Остановившись около колодца, я поставил ведра на снег и заглянул внутрь — как и думал, вода замерзла. Но то ничего, у нас для таких случаев давно уж гирька специальная длинной цепью к колодцу прикована. Ухватившись за край цепи, я потянул ее и вытащил из сугроба железный продолговатый цилиндр с набалдашниками с обеих сторон. Набалдашники-то ровненькие, словно и не выкованные, а силой неведомой из железа вырезанные.
Никодимушка-то
Подняв кусок железа, я с размаху бросил его об лёд и с первого раза проломил его вдребезги. После чего потянул за цепь и вытащил железо. Вот, теперь и воду набрать можно. Отцепив «злое железо», я прикрепил к цепи ведро и гирьку, после чего начал спускать все энто в колодец.
Агафья как-то сказывала, что если набрать воду в полночь полнолуния, произнести над ней колдовские слова да трижды ножом защитным знаком осенить, выпить и в лес пойти, то обязательно клад найдешь.

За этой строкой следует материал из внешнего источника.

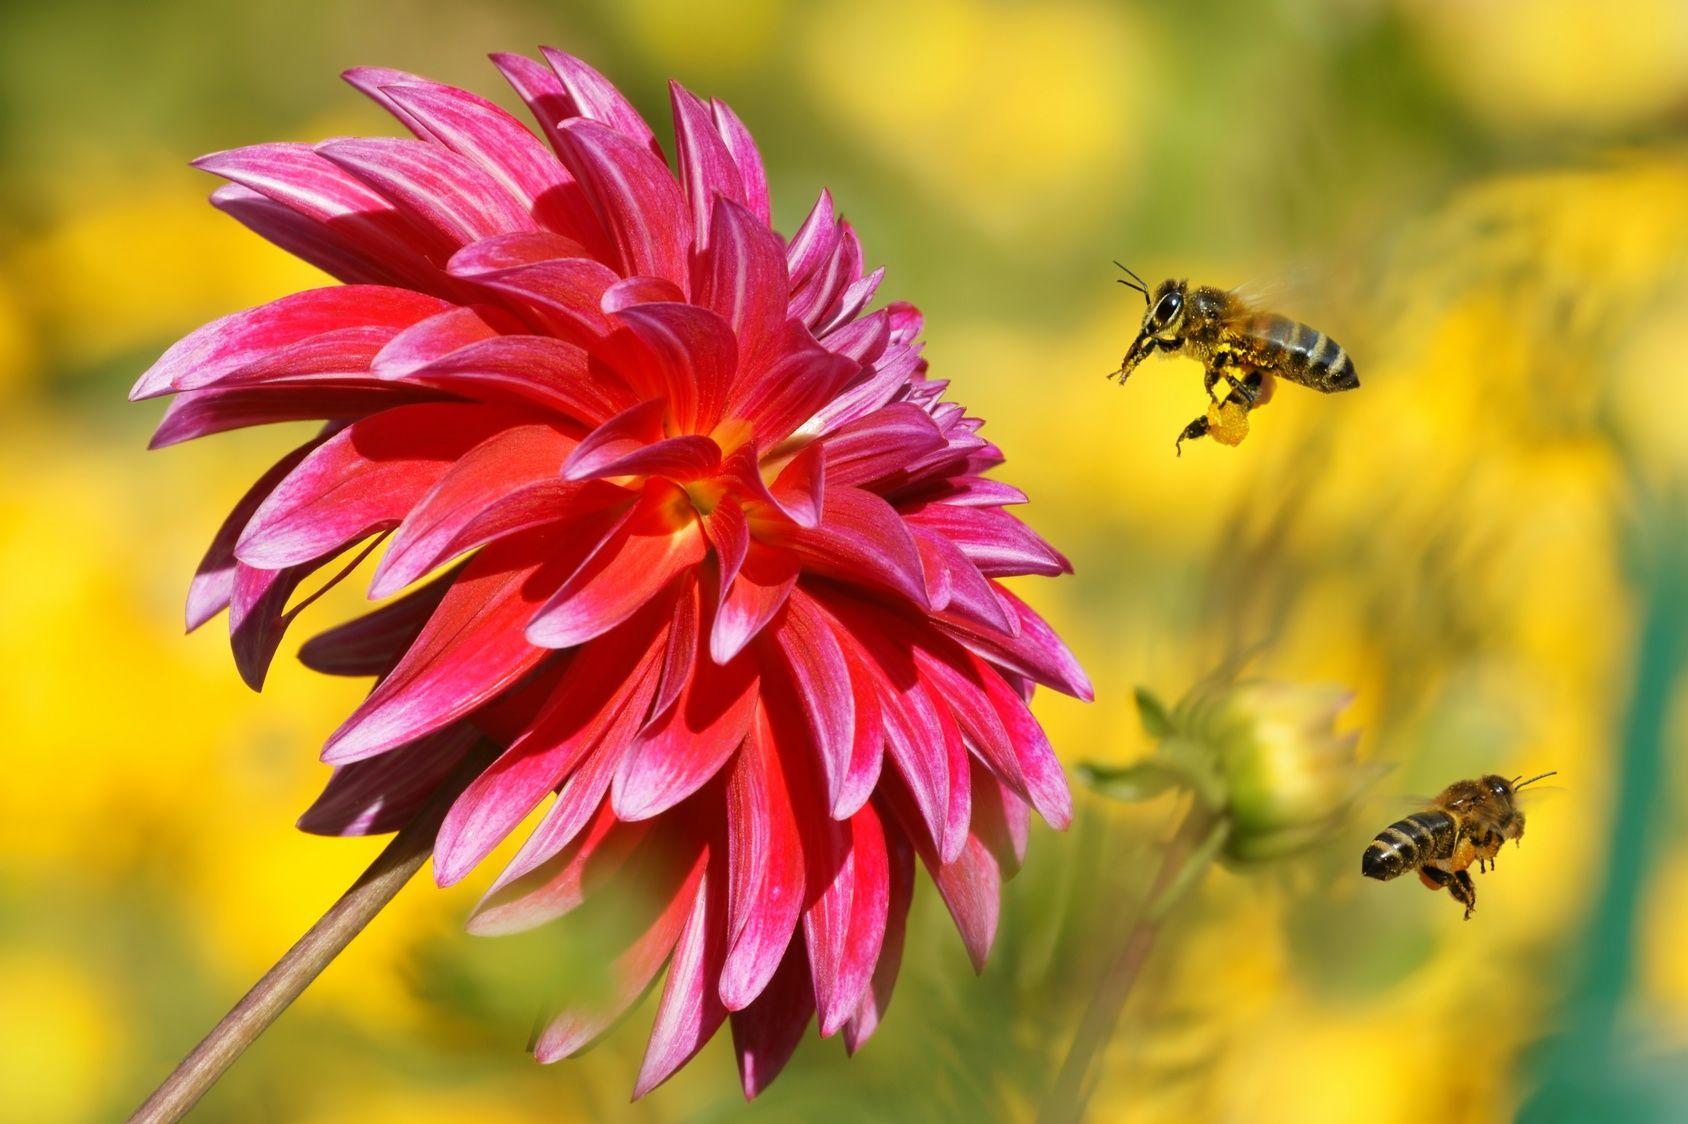 Comment attirer les abeilles abeille abeille comment - Comment attirer les oiseaux dans son jardin ...

Но токмо коли по дороге в лес ни слова не проронишь, даже кабы окликал кто. Вот токмо, когда известие сие до батюшки дошло, он больно Агафью ругал. А Лукий, муженек ее, потом еще и поколотил, чтобы неповадно было честной люд с пути истинного совращать.
Хотя Лукий часто ее колотил, особенно коли напитка из веселящих ягод отведал. Еще и поговаривал, что, если бабу не бить, у нее нутро гниет да кровоточит. У нас многие к нему прислушивались, а я вот не таков, я в Любаве своей души не чаю и не луплю ее без причины, ну, разве что за дело.

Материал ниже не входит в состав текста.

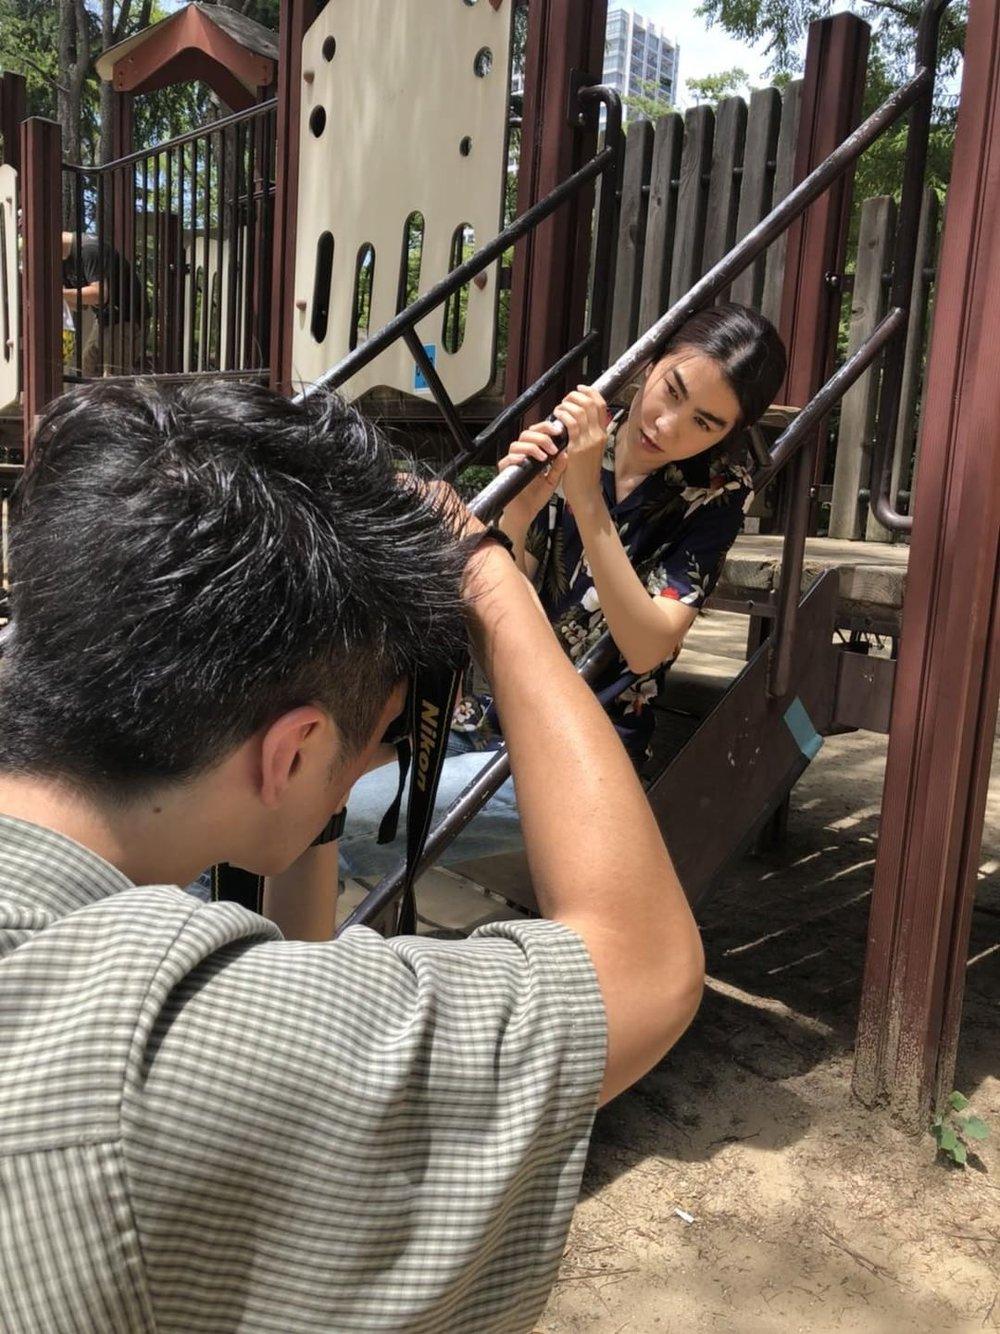 Photo Credit: Yukari Kawagishi  https://www.instagram.com/yukarikawagishi/   Model: Sonya  http://lightmodels.net/models/sonya/

Где-то вдалеке заклекотал суслик. Я обернулся и, задрав голову, увидал в покрытой инеем кроне двух летучих сусликов — резвятся красавцы да крыльями хлопают. Мясо у них хоть и ядовитое, но Ушастый как-то сказывал, что, коли отварить его в десяти водах да обильно засолить, оно и ничего. И как-то раз даже так и сделал, а потом неделю ходил в красных пупырышках и опухший. Всем селом смеялися. Но энто еще ничаго. А вот когда Петька Стрелок суслятину в пяти водах отварил, а потом еще в колдовских травах пропарил, отведал немного и тут же откинулся — вот смеху-то было. Еле угомонилися, чтобы отпеть и похоронить по-божески. С тех пор так никто сусликов и не трогает, ибо от Лукавого.
Набрав два ведра воды, я зашагал обратно. А вот еще вспомнил, матушка когда-то сказывала, что до Катастрофы все люди были как чистокровные, а новые разнообразные лишь опосля появились, в напоминание о необходимости чтить заветы. Ведь древние оттого и возгордилось, что многими внешними совершенствами обладали. Да и нынче чистокровные не шибко-то благочестивы.
Кто их знает, до чего они там додумаются? Что, если опять башни строить начнут да с бесами якшаться? Сказано ведь, Лукавый некогда был наипрекраснейшим и наисовершеннейшим среди ангелов небесных. И к чему энто его привело? К низвержению в ад! Так и чистокровные до Катастрофы шли его путем и сейчас небось опять поддаются соблазну изобретательства.
Батюшка ведь как глаголил: чем больше изъянов тела — тем чище душа. Так-то оно так, но иногда страшновато бывает: у одного нос пятачком и уши размером с ладошку, как у Ушастого, у другого — хвост до земли, у Агафьи и вовсе бараний рог с одной стороны головы растет, а с другой — ухо как у козы. У Любавы-то моей ажно три пары грудей — повезло! Столько добра и все мое. А так она ничем от чистокровных не отличается, разве что по шесть пальцев на руках, но то ведь мелочи.
Наконец я добрался до избы и, поспешно зайдя внутрь, затворил за собою дверь. Оставив ведра в сенях, побежал к печке, руки греть. Брр, ну и холода. И как только древние Великую Зиму пережили? Глаголят, в те времена много новых разнообразных появилось, особенно с шерстью. А батюшка часто сказывал, что в Писании и пророчество об энтом есть: «Не все мы умрем, но все изменимся». А ведь истину чудотворец глаголил, видать, было ему откровение о Катастрофе. Ведь все случилось, как и предрекалось: люди изменились! Одни лишь чистокровные, какими были до Катастрофы, такими и остались. Нечестивцы.